Even the simplest behaviors have multiple
causes. We brush our teeth and cook our food, for many reasons. Rape is a part
of human behavior. To say rape is about power, as if it is only about power, is
just as wrong as saying it’s only about sex.
That seems obvious perhaps, but ideas become distorted
once they’re sloganized and accessible. Some pageant winner speaks out against gay marriage and has her title taken away, and later you see her complaining on cable news, that she has the right to free speech.
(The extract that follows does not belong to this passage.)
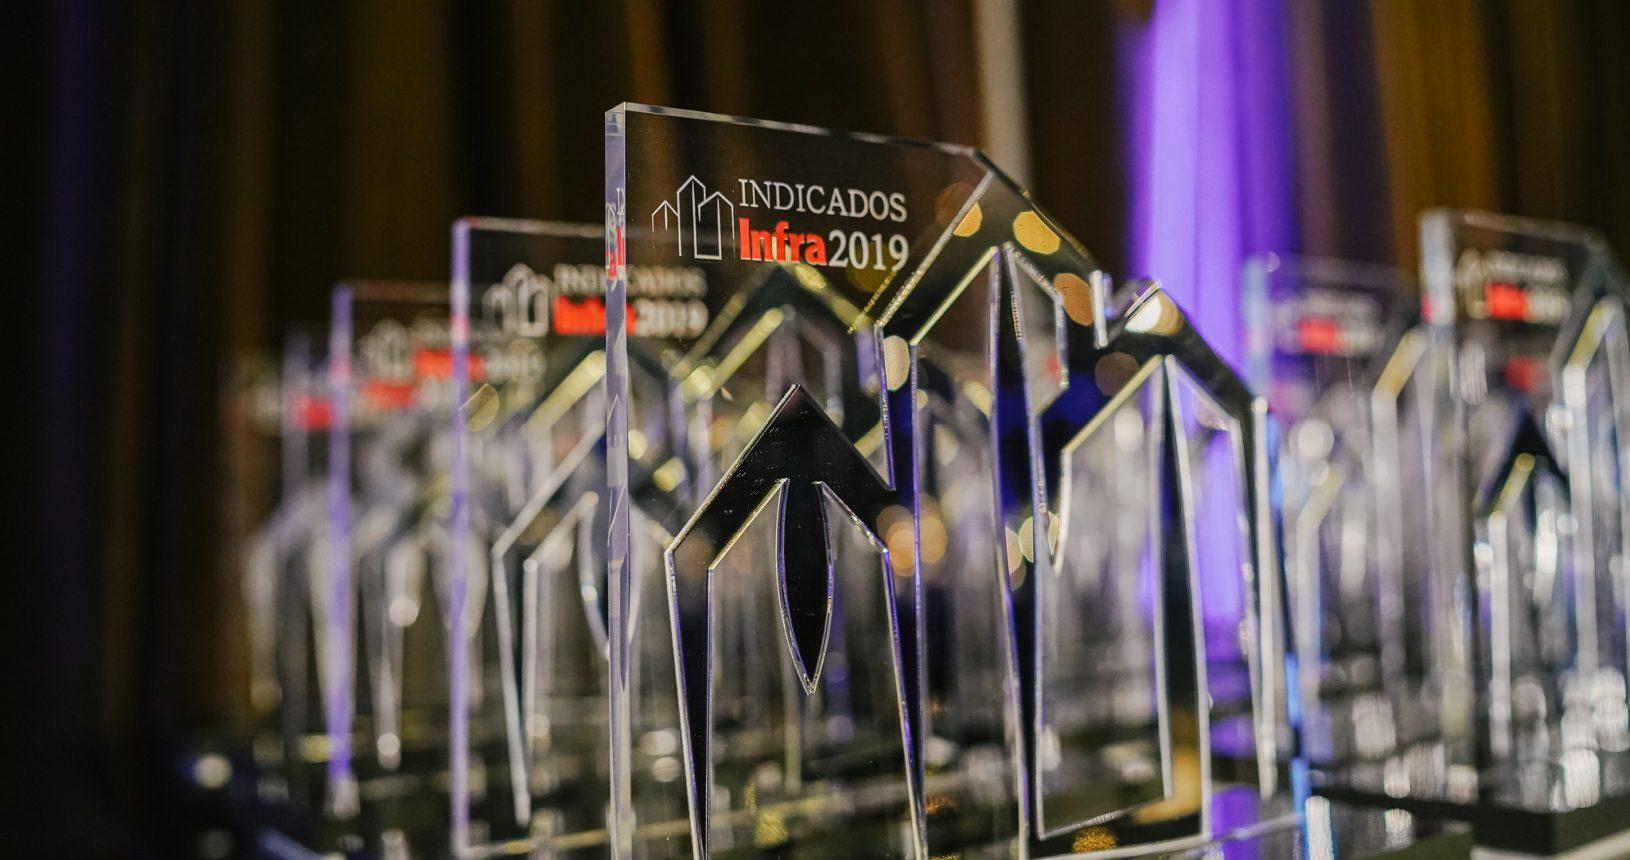 INDICADOS INFRA 201-GRUPO VIKINGS

Absolutely, she does, along with the responsibility wearing that tiara entails. This is the problem with
encapsulating ideas, compressing them into slogans and mantras. You end up with
something as close to the original, as close to the truth, as Taco Bell is to Mexican
food.
I
was 19, I was walking down the street one summer night, scantily clad; I saw a
man I knew. Not well, but I knew him. His name was Steve. He was blue-eyed with
wavy, blond hair, he lived a block away and Steve had cold beer and sinsemilla,
he said, at his place.
I
said Sure. Why not. I walked into his apartment and heard the lock click.
It
lasted over an hour. He pinned me down on the couch and I thought he was going
to kill me. I am hard-pressed to think of something he didn’t do, or make me
do, and the funny thing is, I liked him. I thought he was cute. I thought he
looked like Paul Newman. He didn’t have to rape me. I would’ve had sex with
him.
That,
of course, is how I see it.
When
it was over, Steve and I made small talk. I went to the bathroom. Fixed my hair. He drove me home.
I
will tell you something my feminist-minded friends don’t like to hear, but I
had no business being there that night in the first place. I had a boyfriend. Not
to mention the fact Steve was barely an acquaintance.
I
was raped, there’s no question there. I put myself in the situation through a
series of poor choices, is all I’m saying. He raped me; that’s on him. That I
was there that night, is on me. I own that.
I
choose to own that.
In
1975, in Against Our Will, Susan Brownmiller wrote:
Rape is not a crime of irrational, impulsive,
uncontrollable lust, but is a deliberate, hostile, violent act of degradation
and possession on the part of a would-be conqueror, designed to intimidate and
inspire fear.
True
enough. Rape is about power. It’s also about sex, and it’s about entitlement.
The
word “egregrious” used to mean “distinguished” or “eminent”, and “meat” once
meant solid food, not necessarily animal flesh. Some ideas seem so complex that
they are similarly distorted. Reduced to more palatable slogans.
Beauty
queens deserve tiaras. Taco Bell’s authentic, and rape is about power.
More
than once I’ve heard it said, a point was “mute”.